Determining Influenza A Virus Infections in Subpopulations of Pigs

depiction of sampling from farms

The influenza A virus (IAV), which causes flu, is extremely common, and affects humans, birds, and pigs. In recent years, there has been a great deal of concern about influenza viruses mutating to a form that can jump from pigs or birds and cause a human pandemic. Researchers are studying the influenza virus in hopes of being able to control future outbreaks.
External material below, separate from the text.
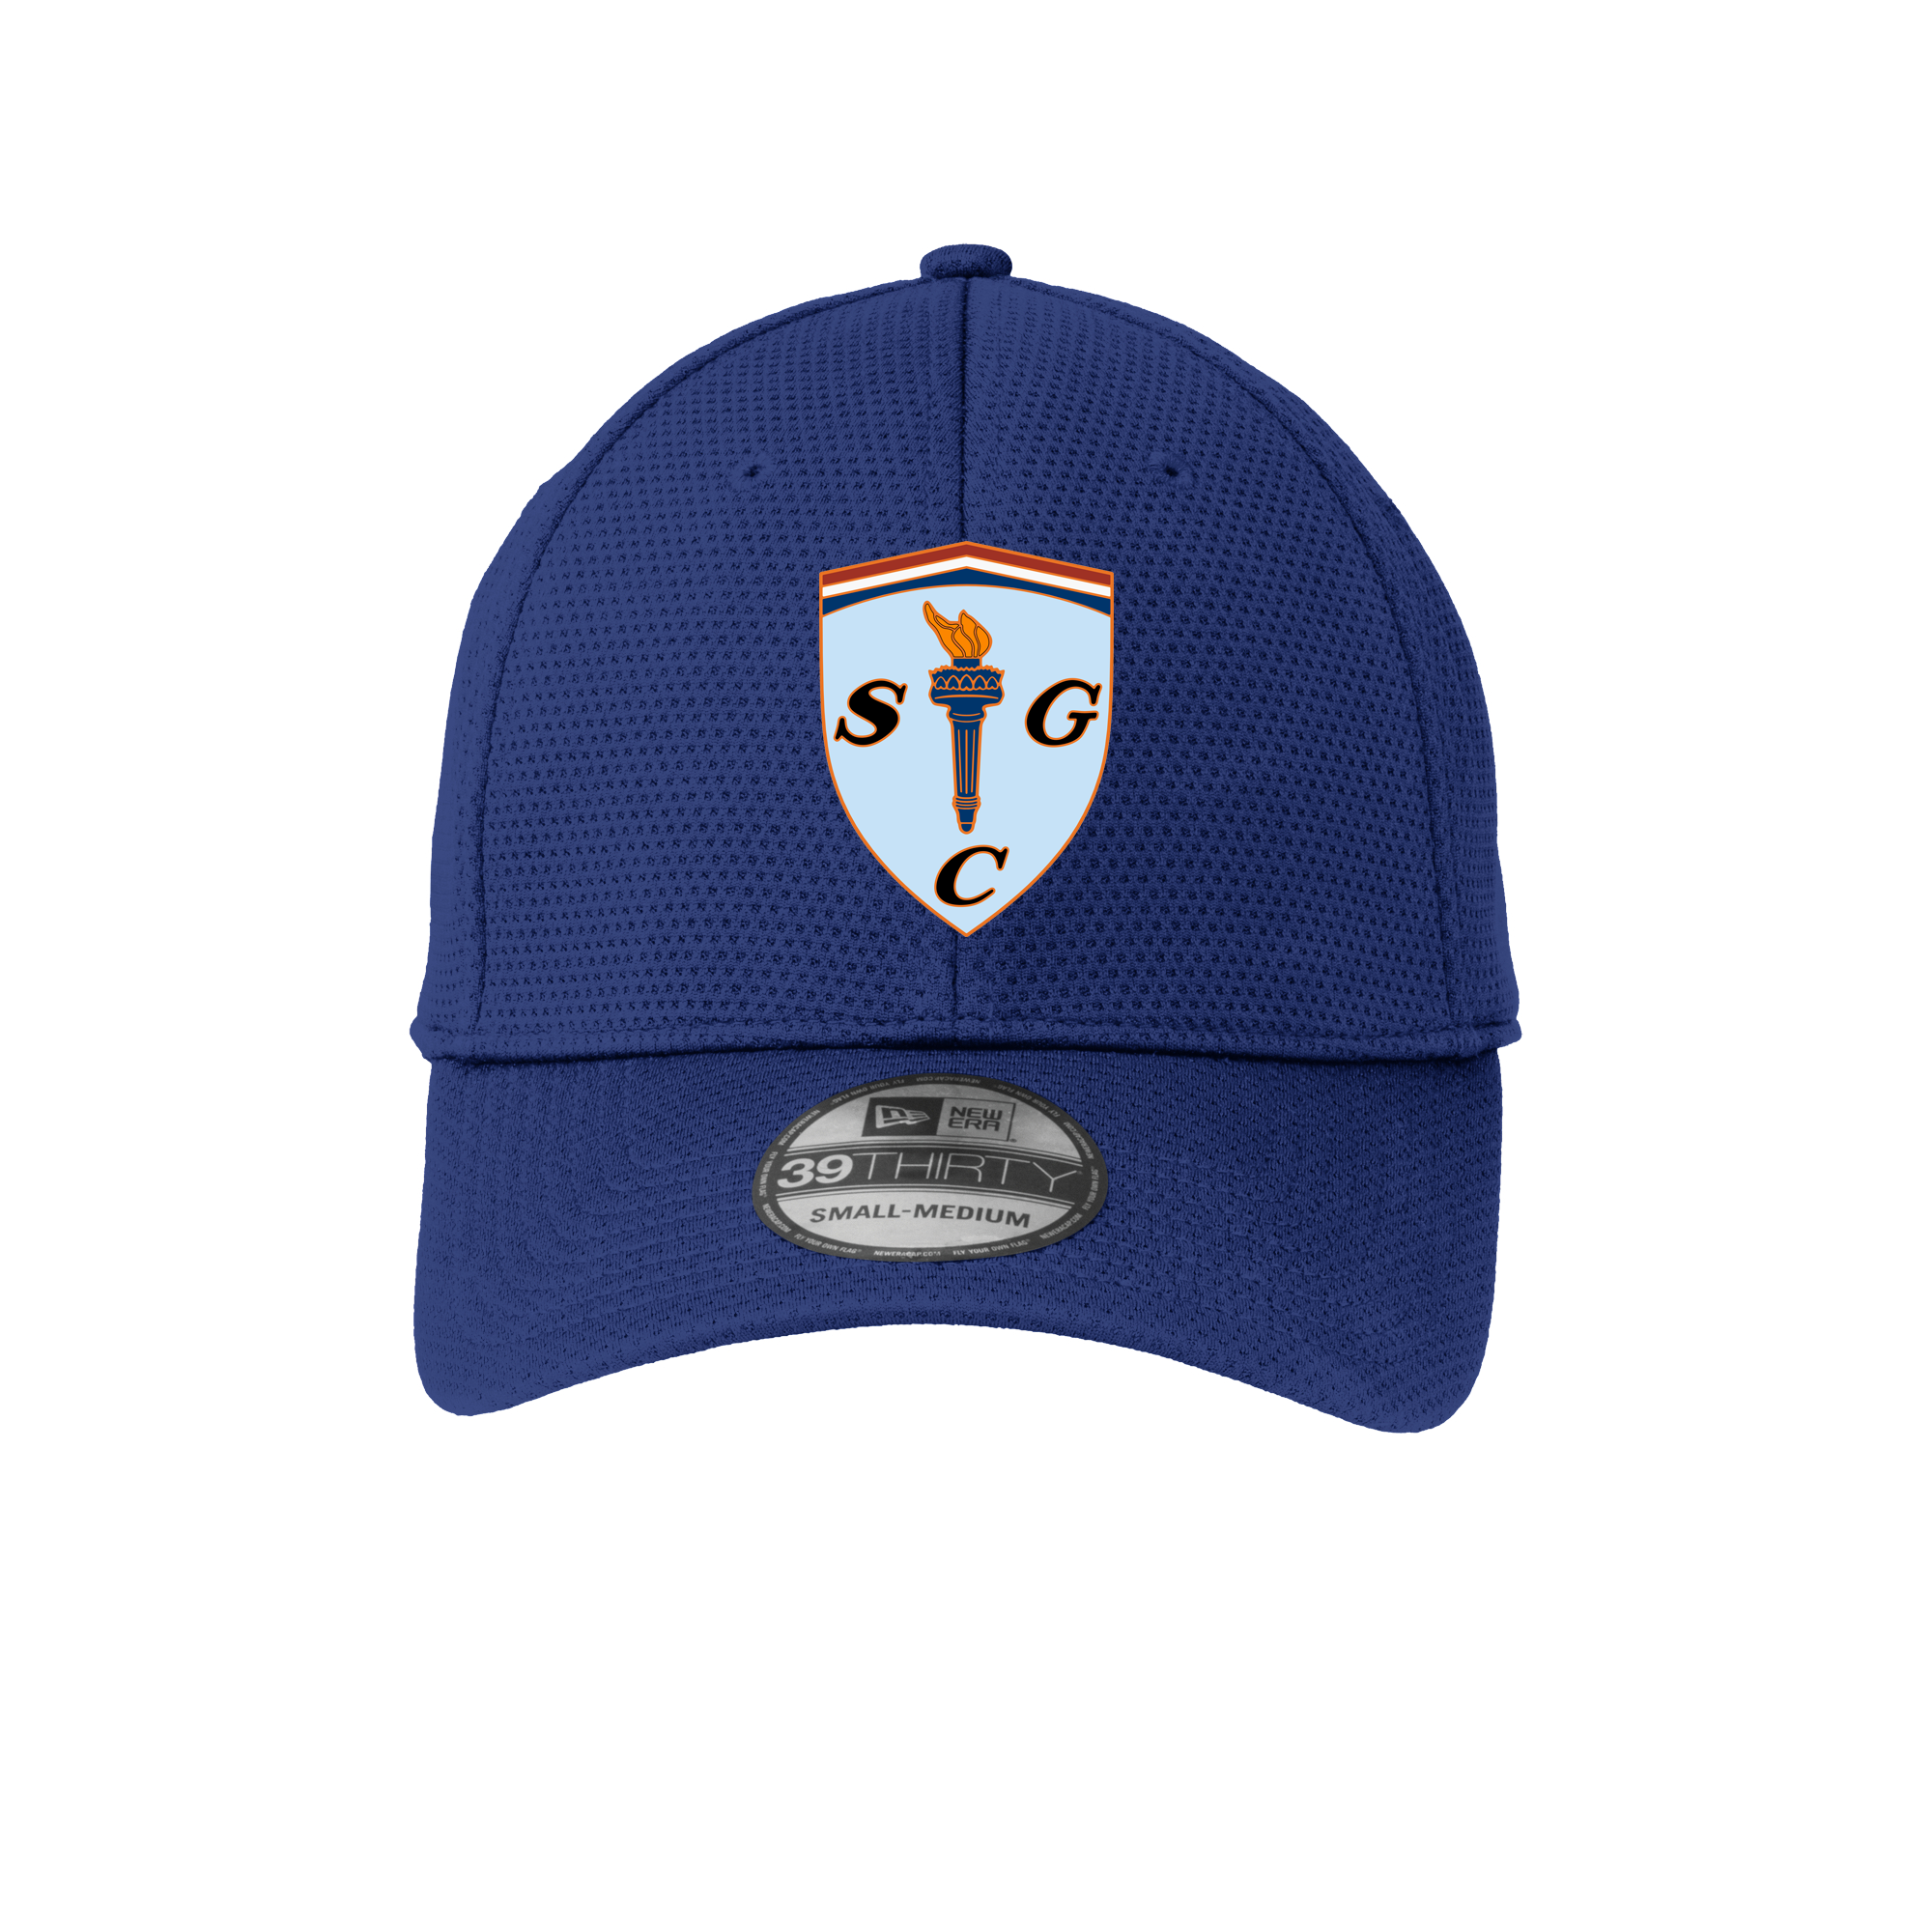 Team Hat with The Shield (Blue) – Scuderia Cameron Glickenhaus

Three MSI Principal Investigators from the Department of Veterinary Population Medicine at the College of Veterinary Medicine – Associate Professor Montserrat Torremorell, Associate Professor Andres Perez, and Professor Srinand Sreevatsan - are co-authors on a paper that studied the incidence of influenza A virus in three subpopulations of herds of breeding pigs. The three subpopulations included gilts (young female pigs who have not borne a litter) who had been on the breeding farm for less than four weeks, called “new gilts” in the paper; gilts who had been on the farm longer than four weeks; and piglets less than 21 days old. Nasal swabs were taken of the pigs on a monthly basis over a period of a year. These swabs underwent genetics testing and the results were compiled using statistical software. The results showed that new gilts and piglets had a higher probability of testing positive for IAV than gilts. The results also showed that there was a seasonal component to influenza infection in pigs. This provides evidence that the best times to use infection-control strategies are before gilts are transferred to the farm, and to piglets before they are weaned. The table below shows results from the multivariate analysis (mixed effects model). Source: A Diaz et al., PLoS One, DOI: 10.1371/journal.pone.0129213.
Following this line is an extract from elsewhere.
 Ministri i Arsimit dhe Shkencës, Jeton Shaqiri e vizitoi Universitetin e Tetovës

The paper appeared in the journal PLoS One in June 2015: Andres Diaz, Andres Perez, Srianand Sreevatsan, Peter Davies, Marie Culhane, and Montserrat Torremorell. 2015. Associations Between Influenza A Virus and Pigs Subpopulations in Endemically Infected Breeding Herds. PLoS One, DOI: 10.1371/journal.pone.0129213. The paper appears on the journal website.

Professor Perez is using MSI to develop and implement near-realtime systems for the prevention and mitigation of disease impact. Professor Sreevatsan uses MSI to define the molecular mechanisms by which bacteria and viruses establish infection, and to improve current diagnostic tools. Professor Torremorell’s MSI work focuses on the molecular diversity and evolution of swine influenza A virus. Lead author Andres Diaz is in the Torremorell MSI research group. Associate Professor Marie Culhane (Veterinary Population Medicine) is a collaborator with the Torremorell group.
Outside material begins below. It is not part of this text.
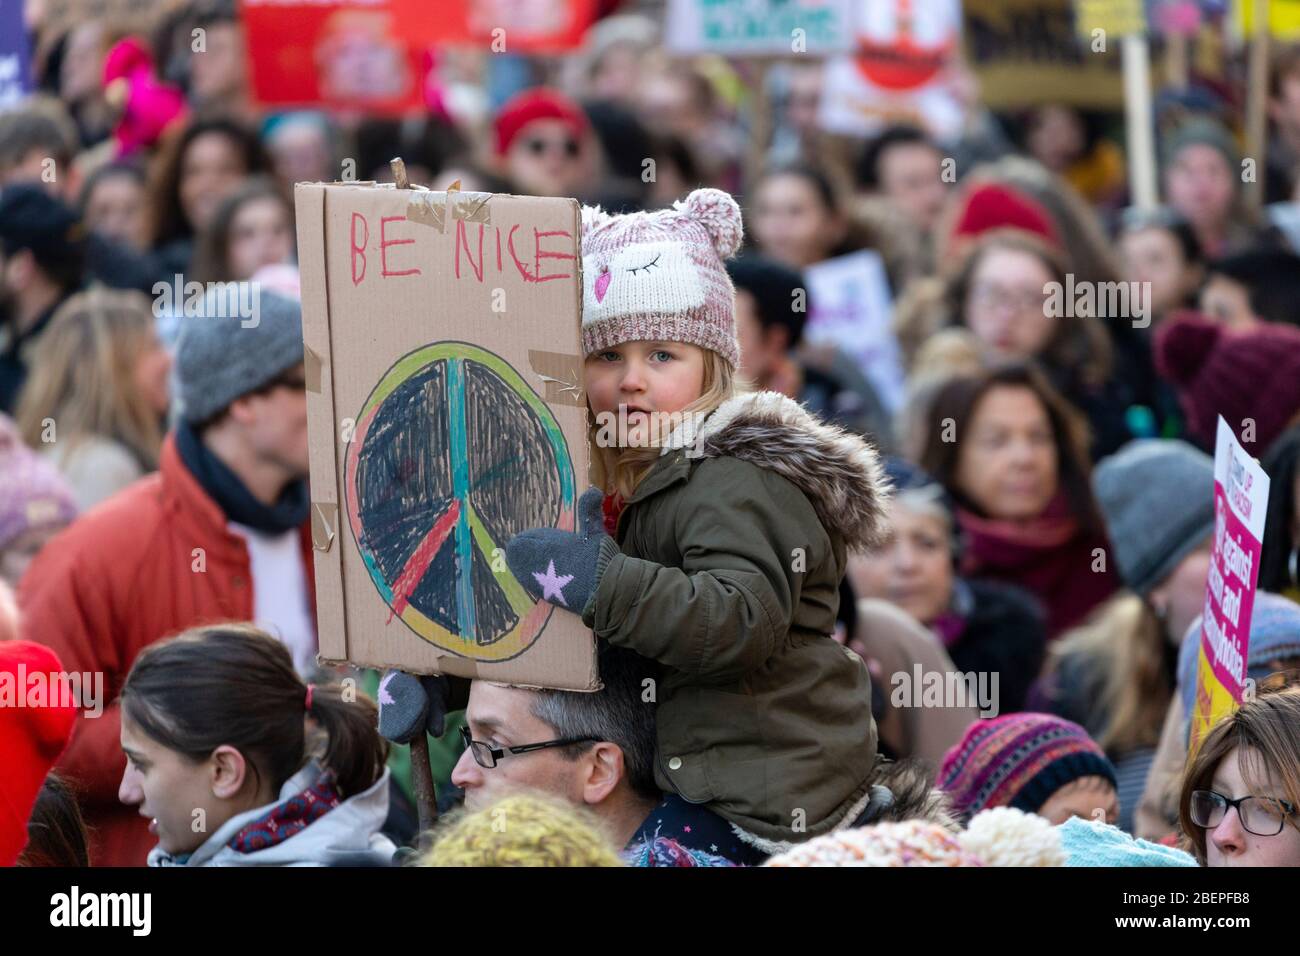 Jeune fille assise sur les épaules d'un homme et tenant une lecture de signe "Be Nice", à la Marche des femmes 2017, Londres Banque D'Images

Image description: (Left) Five swine-breeding herds (largest rectangles, 1 to 5) in the Midwest were sampled between November 2011 (month 1) and December 2012 (month 14). White rectangles represent sampling visits (12 per farm), and the smallest rectangles (n – 141) indicated the groups of pigs sampled. Groups are colored based on pig subpopulation: yellow (new gilts, n=21), green (gilts, n = 60), and purple (piglets, n = 60). Missing group-rectangles indicated that there were no new gilts on that visit. Groups were assumed nested within sampling events, and sampling events were assumed nested within farms. Left image and description, A Diaz et al., PLoS One, DOI: 10.1371/journal.pone.0129213.